Source: https://arxiv.org/pdf/2407.20438
Naïve translation is much from sufficient for longer texts, which can establish gender initially (, , etc.) and thereafter not confer with gender again. Nonetheless, the interpretation must remember the assigned gender of the participant .
This might be difficult for token-based approaches that address translations in discrete chunks, and risk to lose the assigned gender-context throughout the duration of the content.
Worse, systems that provide alternative translations for biased gender assignments cannot do that indiscriminately, i.e., by merely substituting the gender noun, but must be sure that all other parts of language agree with the modified gender noun.
In this instance from the Apple/USC paper, we see that though has been assigned a male gender, the singular past has been left as feminine ():

A translation system must also address the eccentricities of particular languages in regard to gender. Because the paper points out, the pronoun is gendered in Hindi, which provides an unusual clue to gender.
Gender Issues
Within the latest paper, titled , the Apple and USC researchers propose a semi-supervised method to convert gender-ambiguous entities into an array of entity-level alternatives.
The system, which was used to tell translation from the Apple Translate app in iOS18, constructs a language schema by each using large language models (LLMs), and by fine-tuning pre-trained open source machine translation models.
The outcomes from translations from these systems were than trained into an architecture containing – groups of phrases that contain diverse types of various gendered nouns representing the identical entity.
The paper states*:
The approach that the researchers arrive at effectively turns a translation from a single token to a user-controlled array.
The model Apple and USC developed was evaluated on the GATE and MT-GenEval test sets.
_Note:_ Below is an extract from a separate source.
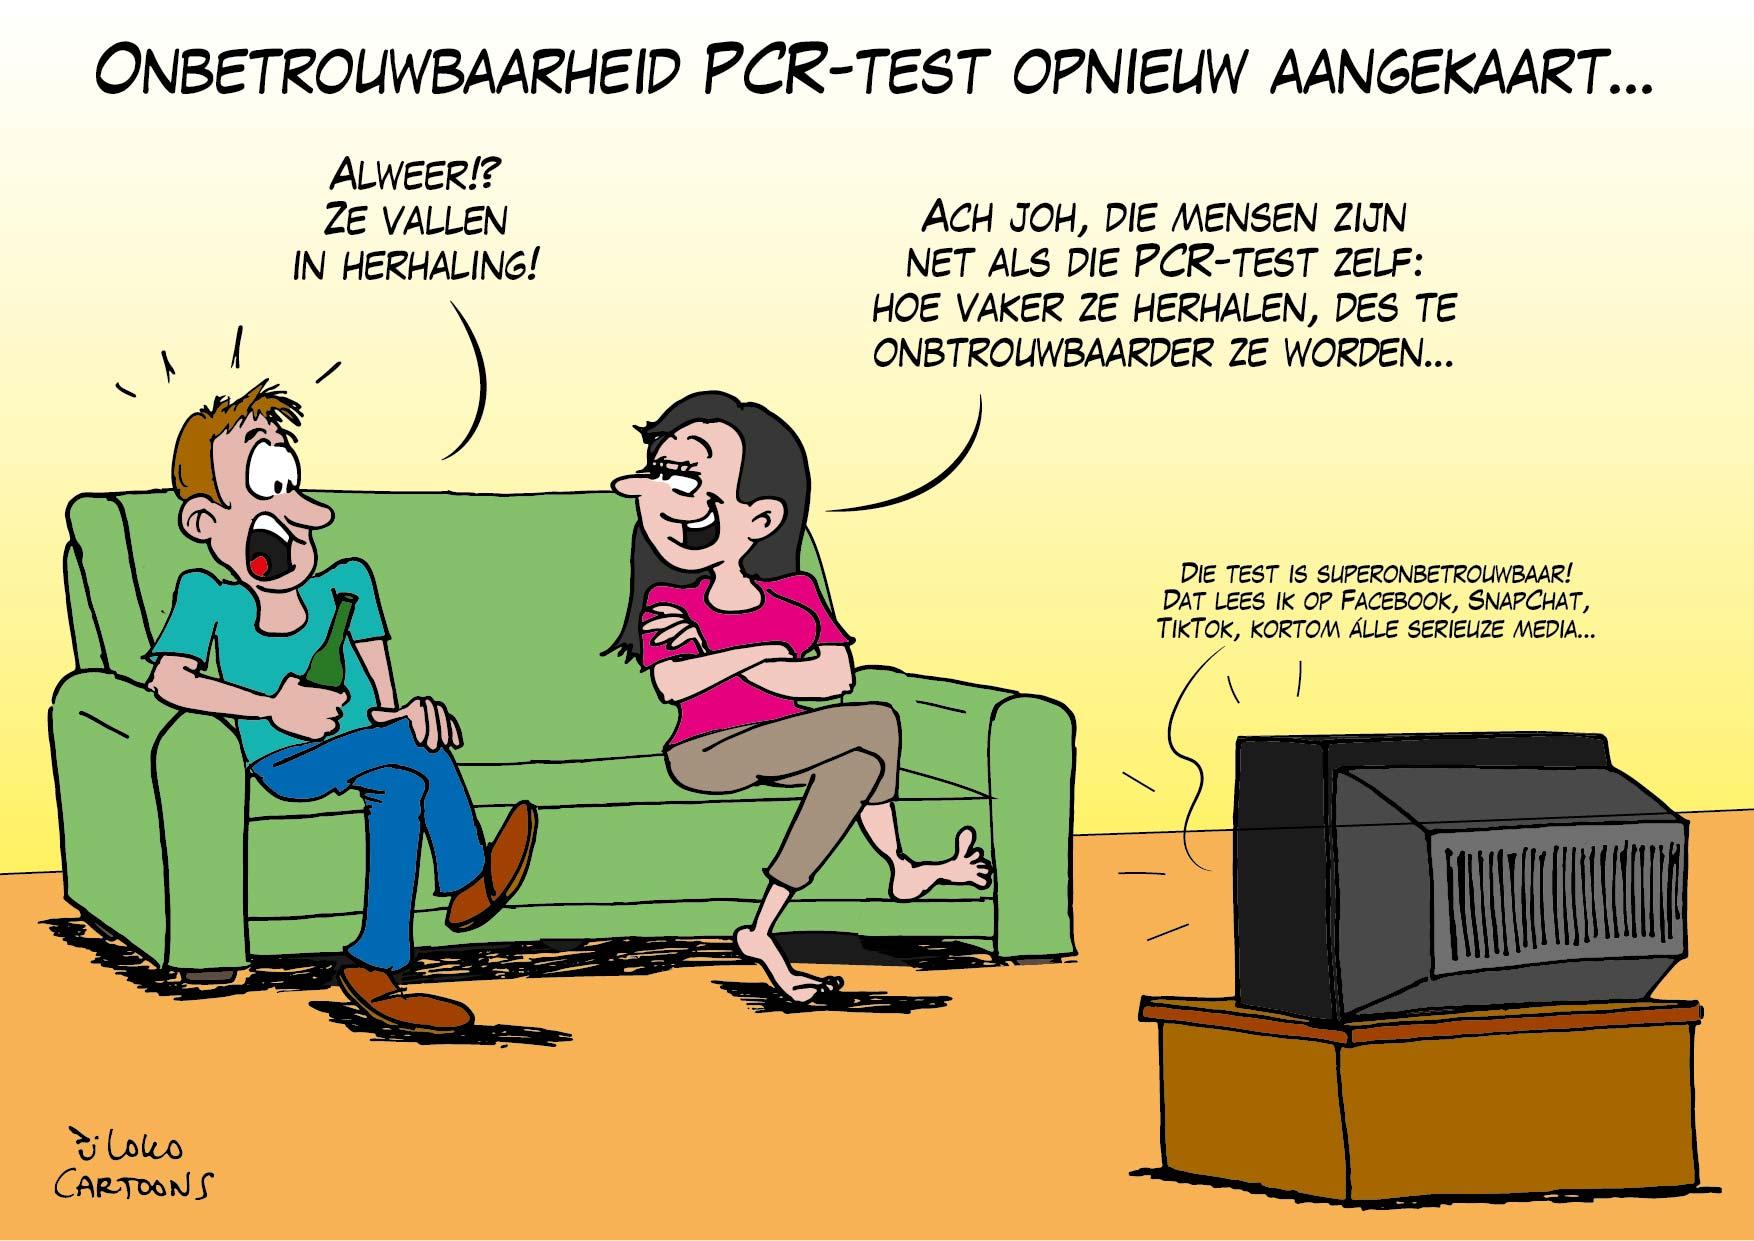 Onbetrouwbaarheid PCR-test opnieuw aangekaart…

GATE comprises source sentences with as much as 3 gender-ambiguous entities, while MT-GenEval comprises material where gender can’t be inferred, which, the authors state, aids in understanding when alternative gender options shouldn’t be offered to the user.
In each cases, the test sets needed to be re-annotated, to align with the goals of the project.
To coach the system, the researchers relied on a novel automatic data augmentation algorithm, in contrast to the aforementioned test sets, which were annotated by humans.
Contributing datasets for the Apple curation were Europarl; WikiTitles; and WikiMatrix. The corpora was divided into (with 12,000 sentences), encompassing sentences with head words for all entities, along with a gender-ambiguous annotation; and (with 50,000 sentences), containing gender-ambiguous entities and gender alignments.
The authors assert:
Datasets and diverse data for the project have been made available on GitHub. The info features five language pairs, pitting English against Russian, German, French, Portuguese and Spanish.
The authors leveraged a previous approach from 2019 to endow the model with the potential to output gender alignments, training with cross entropy loss and an extra alignment loss.
For the info augmentation routine, the authors eschewed traditional rule-based methods in favor of a data-centric approach, fine-tuning a BERT pre-trained language model on the G-Tag dataset.
Double-Take
For cases where ambiguous gender entities are detected, Apple and USC explored two methods – the fine-tuning of pre-trained language models, and using LLMs.
In regard to the primary method, the paper states:

Within the image above, we see the fine-tuned text within the lower middle column, and the specified output in the correct column, with the underlying rationale illustrated above.
For this approach, the authors made use of a lattice rescoring method from an earlier 2020 work. To be sure that only the goal domain (gender) was addressed, a constrained beam search was used as a filter.
For the LLM approach, the authors devised a technique that uses an LLM as an editor, by re-writing the supplied translations to offer gender assignments.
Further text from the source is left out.